Former museum director He, a quiet, slender, 72-year-old man with a thick shock of salt-and-pepper hair, recalls the patriotic stirrings he felt in July 1969 on hearing that an American had set foot on the moon. China, the country that invented rocketry, was then in the grip of the Cultural Revolution, terrorized by violent, radical gangs that were incited by Mao. The economy was collapsing. Scientists were harassed for past contacts with foreign researchers. Still, says He, “I thought right then, if the Soviets had sent someone into space, and the Americans did it, then we certainly would do it.”

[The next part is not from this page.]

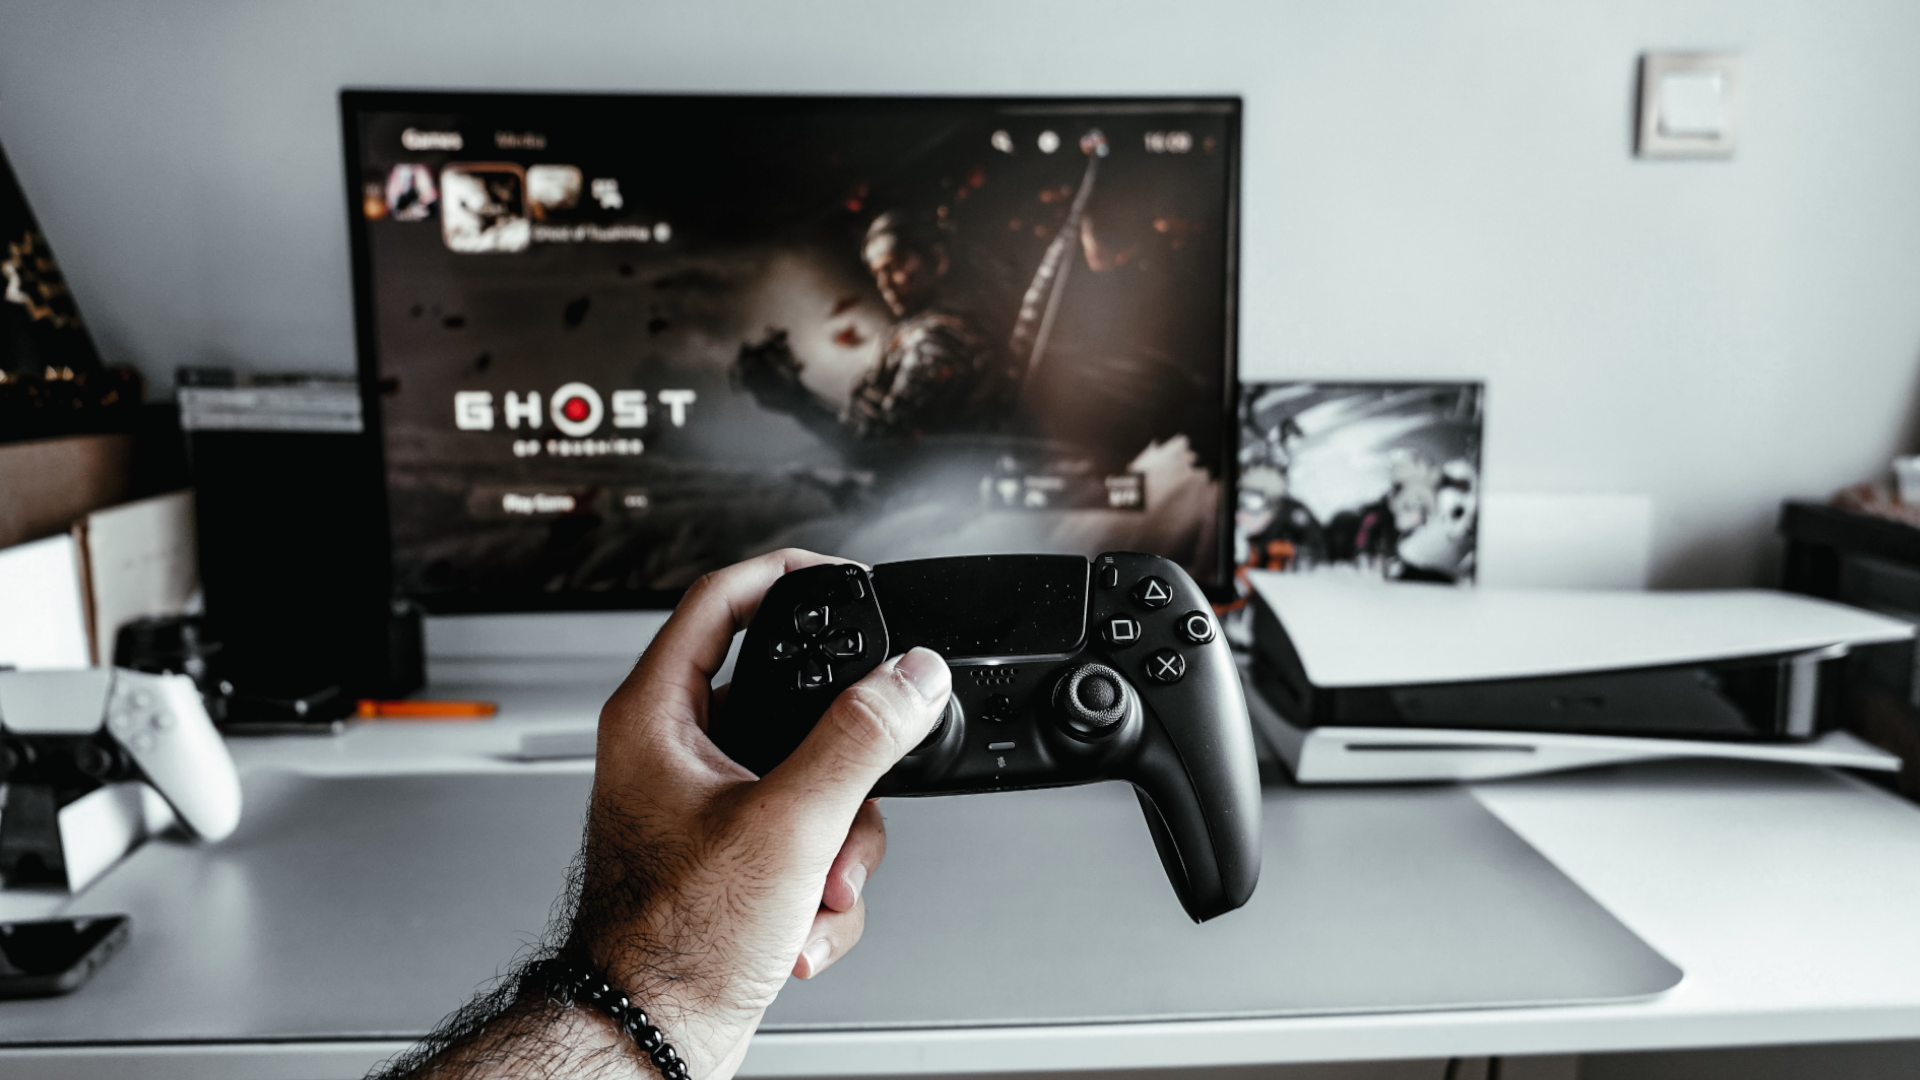 A man's hand holding a black PS5 DualSense controller in front of a TV showing Ghost of Tsushima

With that goal now clearly in sight, a sketchy picture of Beijing’s astronauts—called yuhangyuans, which means, roughly, “one who goes into space”—is slowly emerging from the shadows of official secrecy. The government won’t allow any of the flashy publicity that turned NASA’s Mercury astronauts into celebrities even before they flew. The China State Manned Aerospace Office in Beijing declined even to accept a written request for information for this article. But the authorities have stopped short of a total, Soviet-style information blackout. In a sign of growing official confidence, the state-controlled press has been divulging more details about the project since the third successful test of Shenzhou (pronounced “shun jo”), the astronauts’ bowl-shaped reentry capsule.
In that test, conducted last March, Shenzhou orbited Earth 108 times, then touched down in the grasslands of inner Mongolia. Afterward, state television showed jubilant mission control technicians in red jumpsuits leaping in the air and cheering as military officials nodded approvingly. The government proclaimed the seven-day test flight a success and said the reentry capsule, which had carried sensor-equipped, spacesuited mannequins into orbit, was “technically suitable for astronauts.” Another section of the spacecraft remained aloft; ground controllers have been using it to practice remote-controlled orbital maneuvering.

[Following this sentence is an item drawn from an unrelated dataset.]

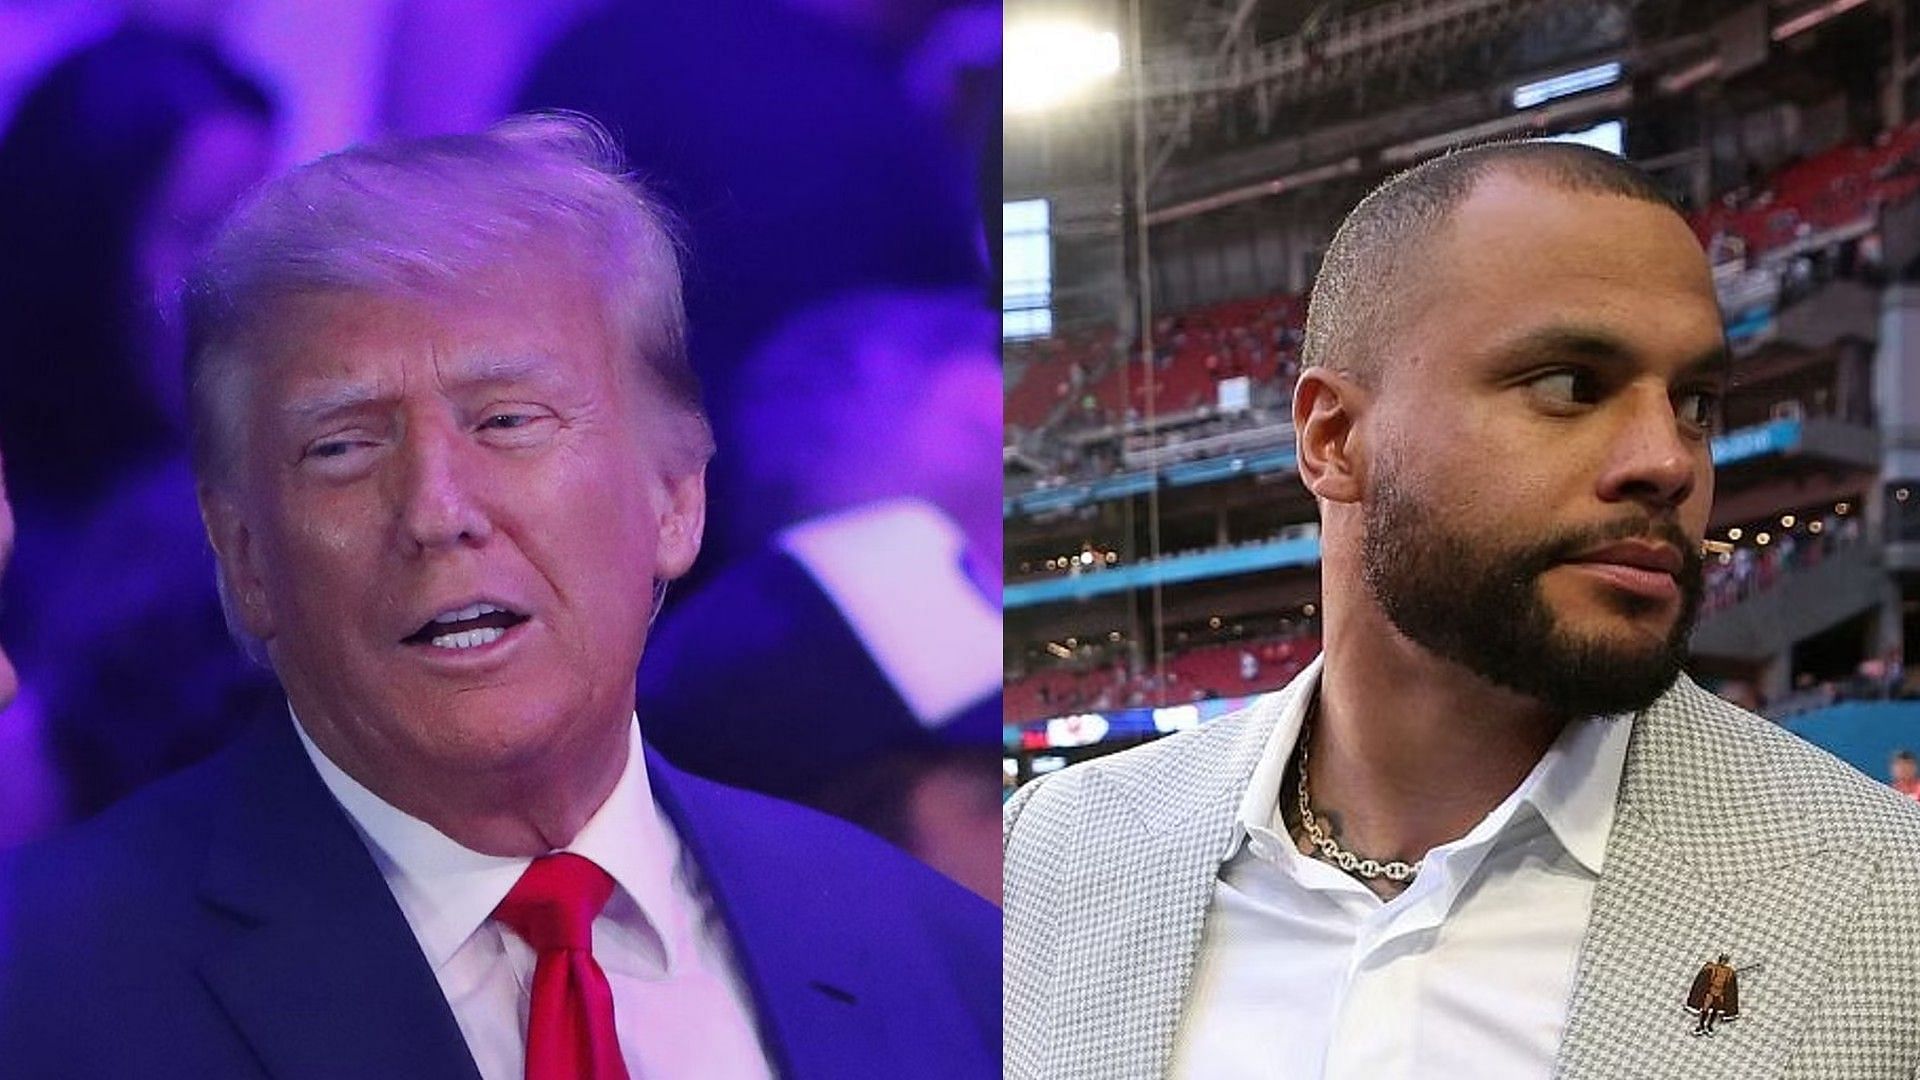 Dak Prescott gets kicked out of top 10 by author endorsed by Donald Trump

The yuhangyuans, picked from among some 2,000 military pilots in the People’s Liberation Army, are all around 30 years old, according to stories in the state-controlled press, which are useful, if unverifiable, sources of technical information. The official Xinhua News Agency has given the number of astronauts as 12, while other reports put the number at 14, perhaps counting trainer astronauts as well. In 1996, China paid Russia to put two pilots through its Cosmonaut Training Center in Star City on the outskirts of Moscow. It is unclear whether the two men—identified in Western reports as Li Qinglong and Wu Zi—were preparing for a Shenzhou flight themselves, or whether their role has been limited to training other Chinese astronauts back home. Either way, China is unlikely to continue relying on Russian help in this area. Most Western analysts agree with Phillip Clark, an independent aerospace consultant based in England, that Beijing is intent on building up its own space school. Clark’s specialty is Russia, but he has followed the China space program since the 1970s, in part for the challenge—“It’s too easy to get information on other countries,” he says.

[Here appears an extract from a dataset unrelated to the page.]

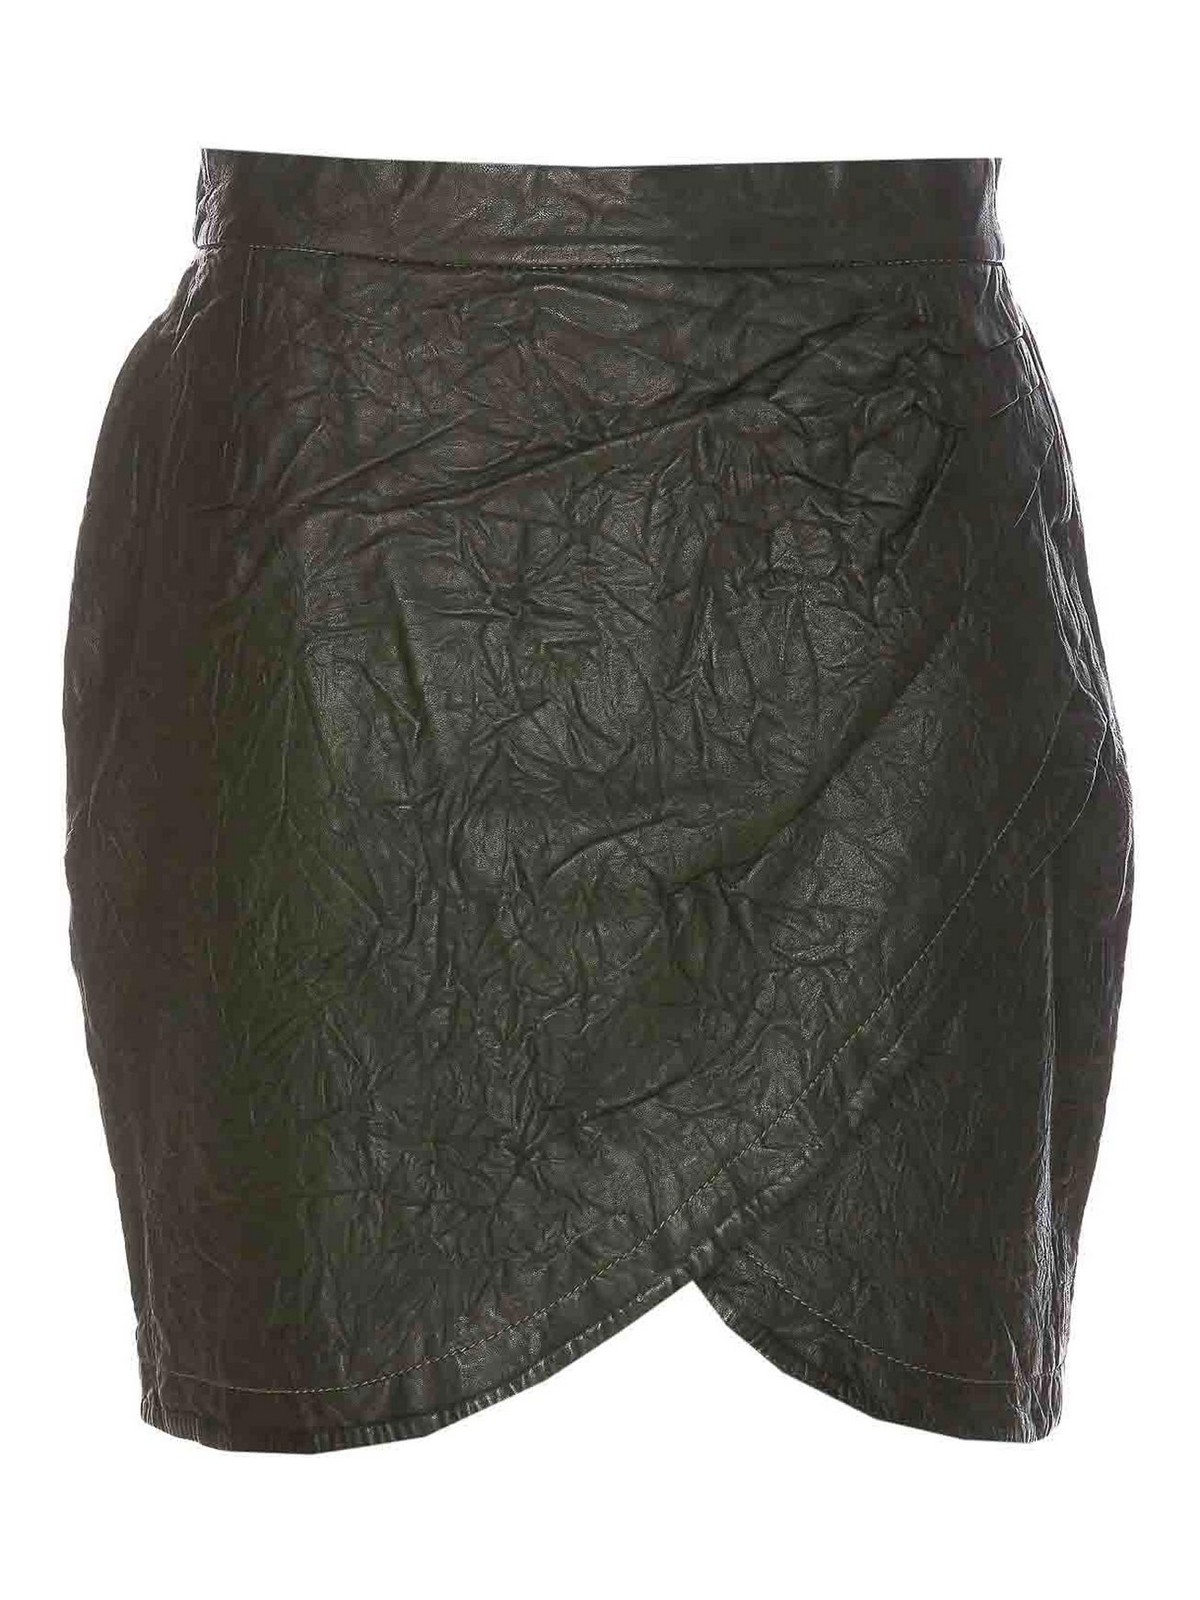 Zadig & Voltaire Wrapped Leather Miniskirt In Light Brown

Judging by the press accounts, Chinese trainers followed Russian tradition in selecting diminutive fliers to fit inside a cramped capsule. The first candidates average five-foot-seven and 110 pounds, small by the standards of today’s well-nourished Chinese youth. The state press says the government will announce their names after the fourth test flight, suggesting that Shenzhou 5 might be the first to carry a crew. By contrast, when Yuri Gagarin became the first human in space in 1961, Moscow didn’t reveal his identity until he was safely in orbit. And when program officials selected Gagarin for the flight, they withheld that information from him until a few days before launch. The Chinese will follow that practice, according to one Chinese report.
In an article last April, the weekly newspaper China Space News revealed new details about the yuhangyuans’ training. Members of the corps live Monday to Friday in a heavily guarded building at an “aerospace city” in Beijing. “Any outsiders who try to peek in or take pictures are politely asked to leave,” the report said. State newspapers have begun calling the building the Red Chamber. On weekends, according to China Space News, the astronauts return to their families, who live in ordinary apartments in the city. Many of the pilots’ wives work in the same facility, said the newspaper, and “as wives of astronauts, have a strong sense of secrecy.”
Additional glimpses of the program have come from other state media. An account last year in the Guangzhou Daily mentioned a four-story windowless building on Beijing’s west side that held a mockup of the Shenzhou reentry capsule. The story described white-robed technicians watching as a trainee in an orange spacesuit climbed into the capsule simulator.